▸ **Data records**
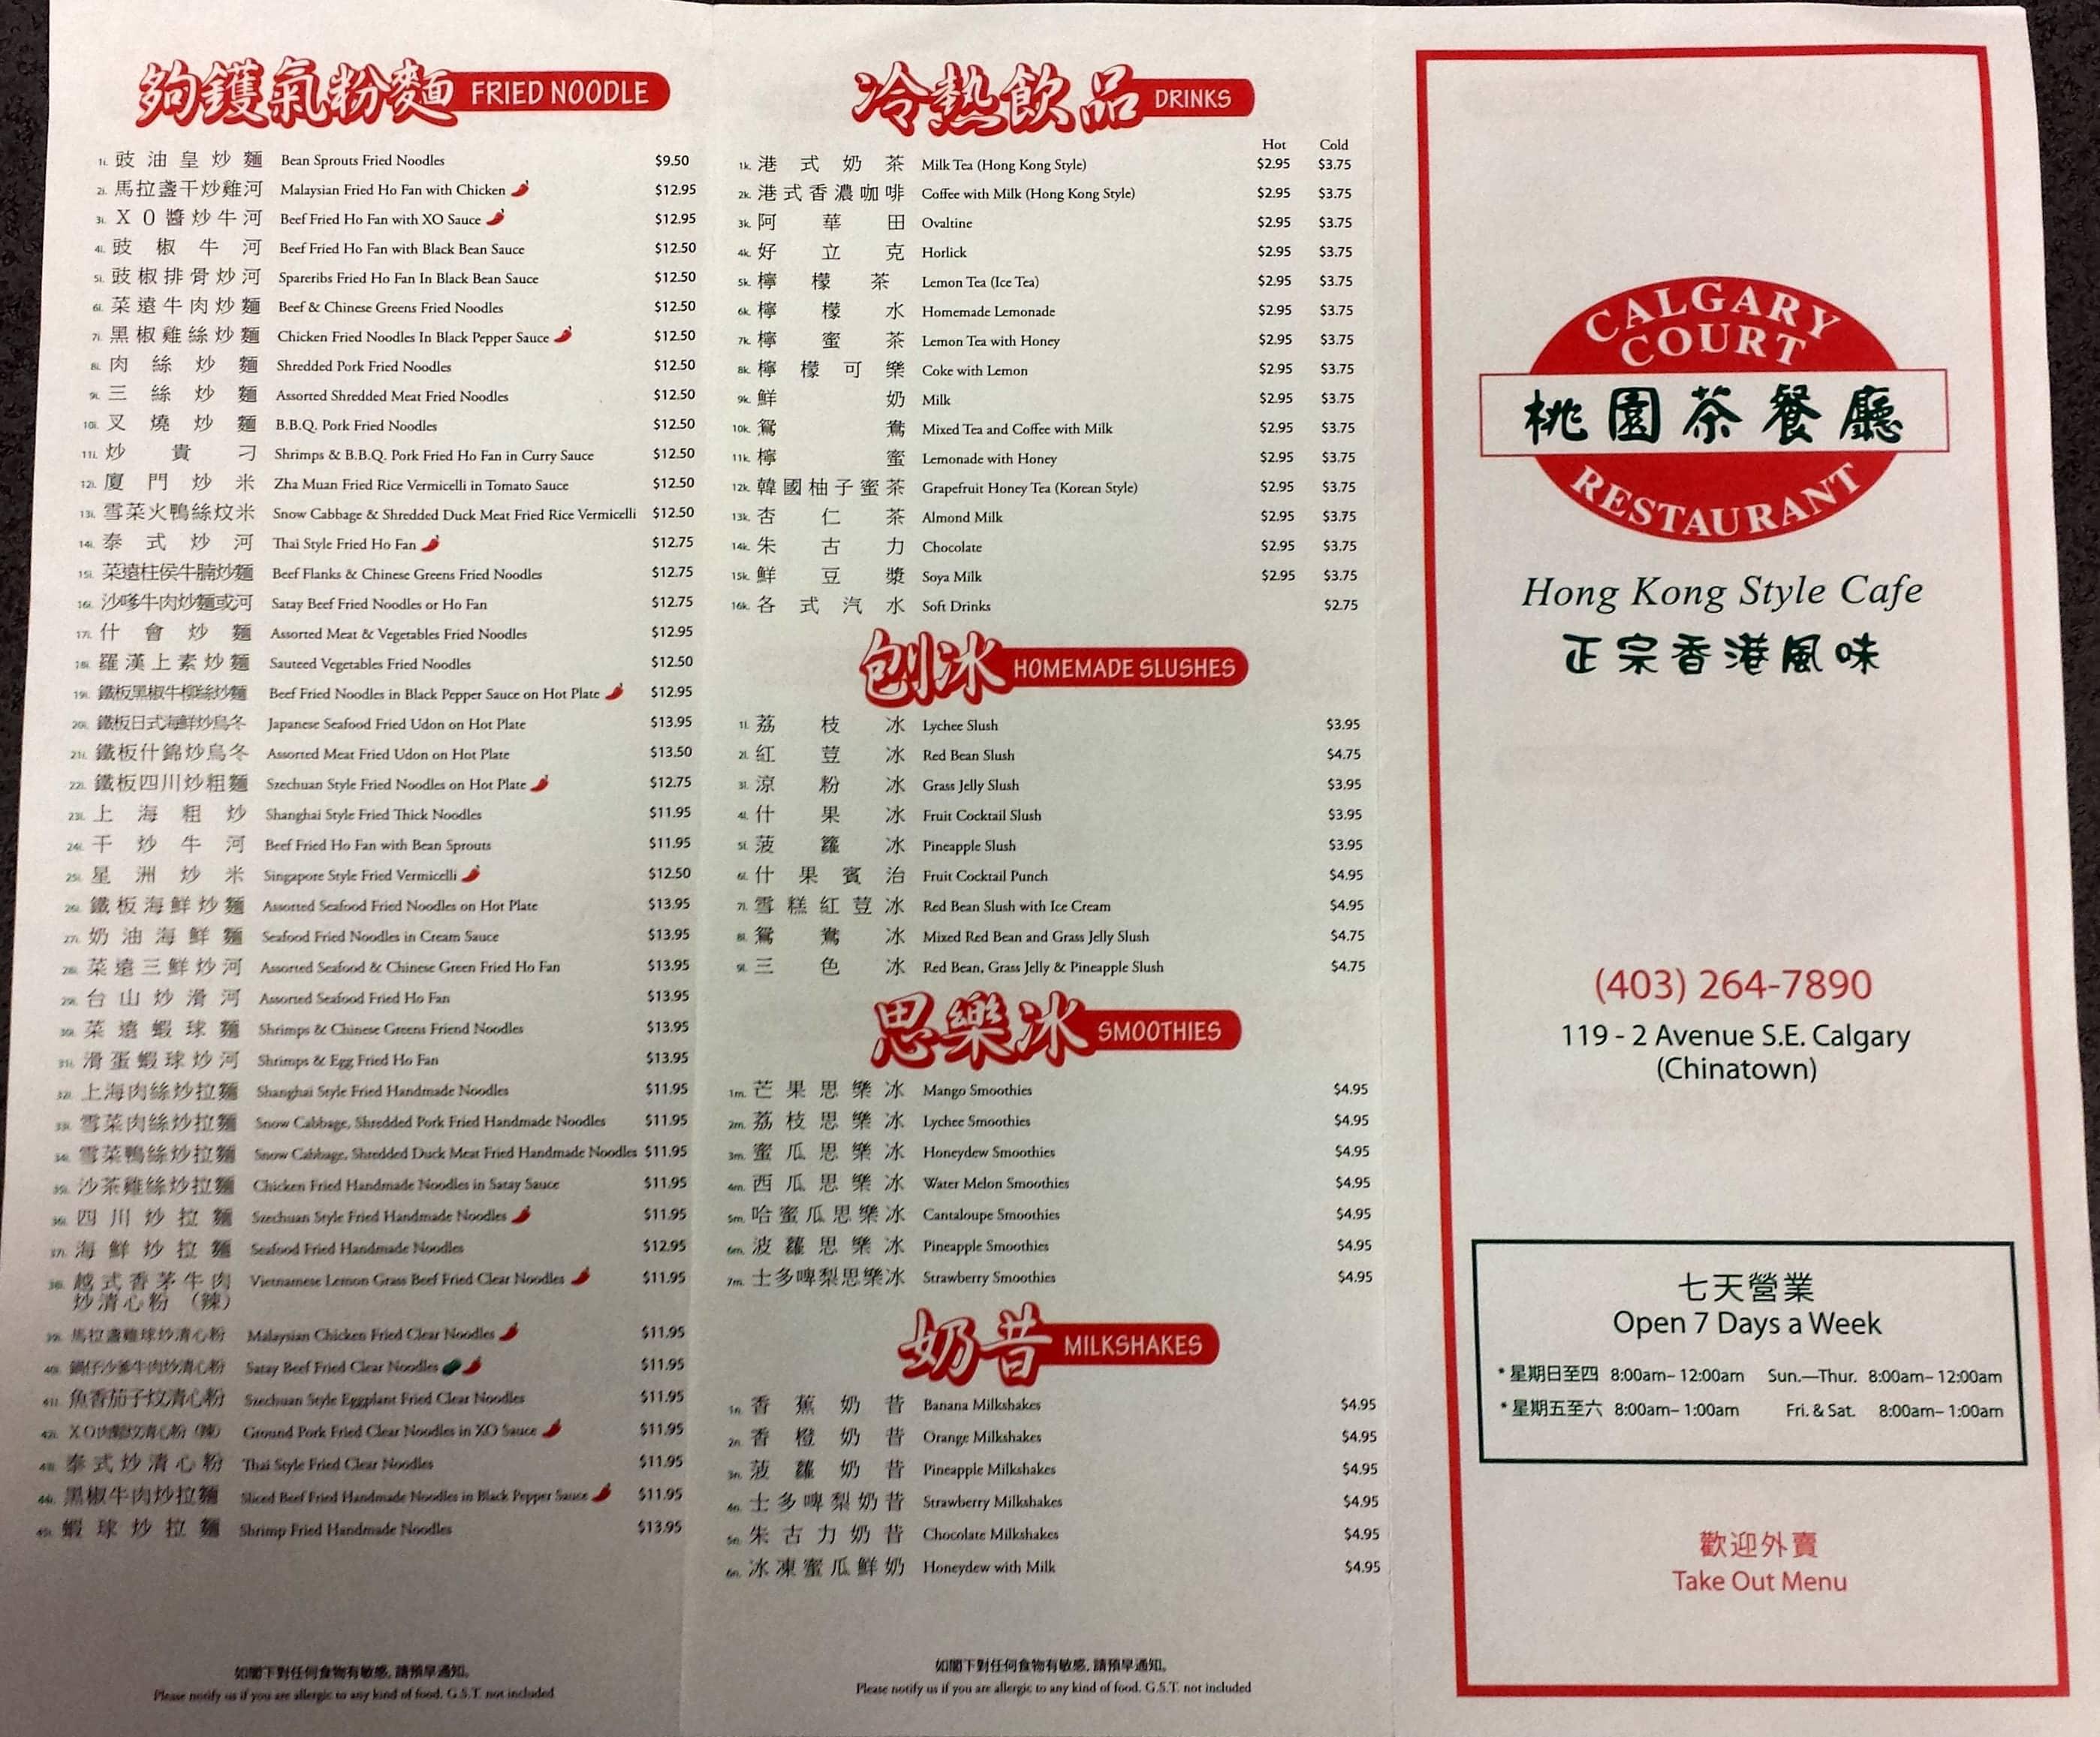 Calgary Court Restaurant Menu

* * *

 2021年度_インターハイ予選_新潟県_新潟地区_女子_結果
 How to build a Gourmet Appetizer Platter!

▸ **Exercise objective**
Give an exact copy of the lines above from the line with "2021年度_インターハイ予選_新潟県_新潟地区_女子_結果" up to and including the line with "How to build a Gourmet Appetizer Platter!", and leave everything else out.

▸ **Answer for this exercise**
 2021年度_インターハイ予選_新潟県_新潟地区_女子_結果
 How to build a Gourmet Appetizer Platter!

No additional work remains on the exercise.